Lithium batteries, including lithium hydride and lithium-ion batteries, have become popular in consumer electronic devices because of their light weight, high energy density, and relatively long service life. Lithium is so reactive that it will catch fire if it comes into contact with water. However, modern lithium batteries use chemically bound lithium, so they are not easy to react to. Like nickel batteries, there are many variations of lithium batteries, but the most popular one is lithium-ion batteries. These designs result in the absence of free lithium at any stage of the charge or discharge cycle.
The application of lithium battery in power grids and utilities has begun to grow and has been tested in many places. In 2013, an early large experimental battery storage device, rated at 2 megawatts, was put into operation in the Orkney Islands off the northwest coast of Scotland. In 2017, US utility San Diego Gas and Power Company (San Diego Gas and Electric) opened a 30-megawatt battery storage facility based on lithium-ion batteries with a storage capacity of 120MW hours. Southern California Edison Utilities is also planning to build a 20-megawatt facility. The future development of lithium batteries is likely to benefit from carmakers' interest in using lithium batteries in hybrid and electric vehicles.

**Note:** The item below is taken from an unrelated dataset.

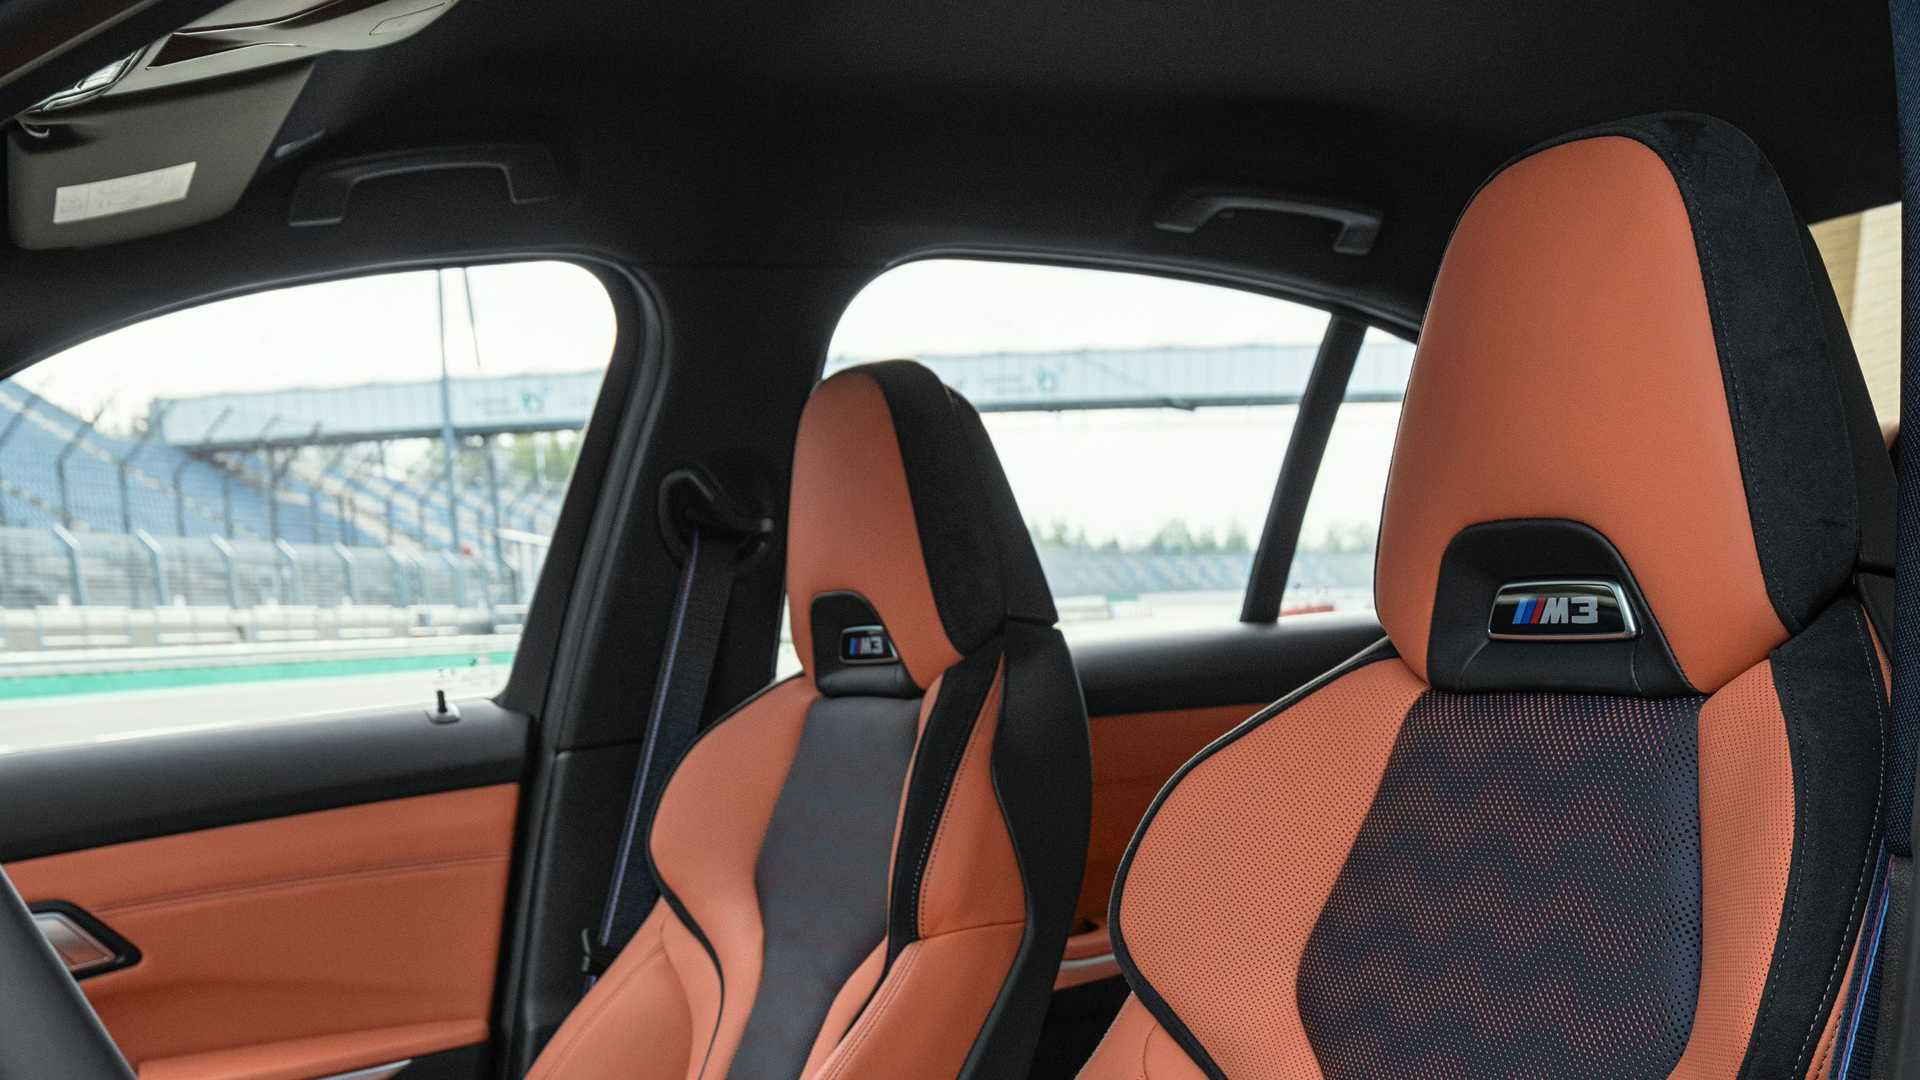 2021-bmw-m3-interior (1)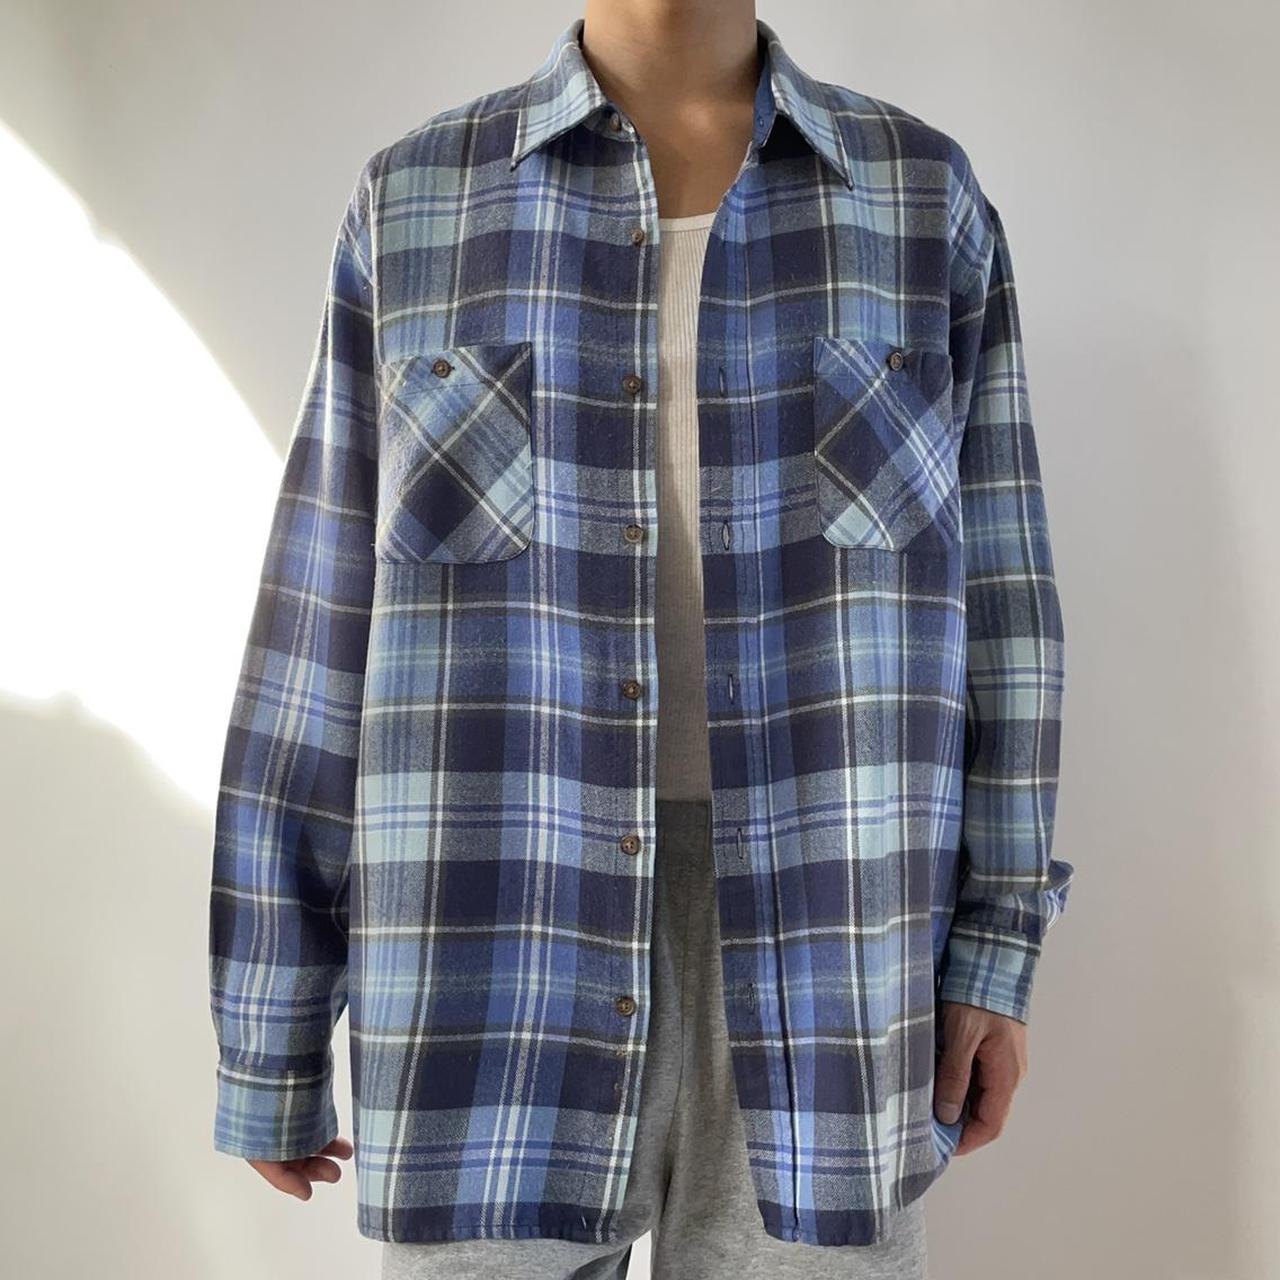 Product Image 1 - Vintage Oversized Flannel  🎸 90s oversized

Lithium batteries are being used more and more, but what are the related environmental impacts? Batteries are famous for their great impact on the environment. This chapter focuses on the environmental impact of two kinds of lithium battery chemicals used in electric vehicles. How to evaluate the environmental performance of two different lithium batteries? To avoid the shift of burden from one lifecycle phase to another, a complete lifecycle perspective is important. A good way to assess the environment of a product is to adopt a life cycle approach; that is, all life cycle stages of the product are taken into account. This chapter first focuses on the availability and demand of lithium. Is it possible to meet the demand for lithium in the future? It is concluded from the extensive literature review that the availability of lithium may not constitute an obstacle.
However, in order to ensure this situation, certain conditions must be met. Secondly, a comprehensive life cycle assessment (LCA) was carried out, and lithium manganate (LMO) and lithium iron phosphate (LFP) batteries were compared. LCA covers all life stages of the traction battery, including the extraction of raw materials, the manufacture and use of the battery and the final disposal and recycling of the materials contained in the battery. The overall environmental performance of the battery depends to a large extent on its efficiency and is directly related to the energy mix related to its use. Life durability and efficiency are key environmental performance indicators. The difference between the two types of batteries is in the manufacturing and recycling stages. The scores of the two technologies are different depending on the type of impact.
Rechargeable lithium batteries have conquered the market for portable consumer electronics and, more recently, electric and hybrid systems for different types of vehicles. Since the 1990s, consumer applications such as mobile phones, laptops and calculators, digital cameras and cameras, portable radios and televisions, electric razors and toothbrushes, and medical and communications equipment have created a growing market for powerful rechargeable batteries. Lithium batteries are rapidly replacing Ni-MH batteries. Since the beginning of the 21st century, large advanced lithium batteries are becoming a new source of energy in transportation and fixed power markets, including electric vehicle propulsion, backup power, ocean observation mobile robots, and mission-critical applications. So far, lithium-ion batteries have not been used to a great extent in storing renewable energy and balancing the power grid.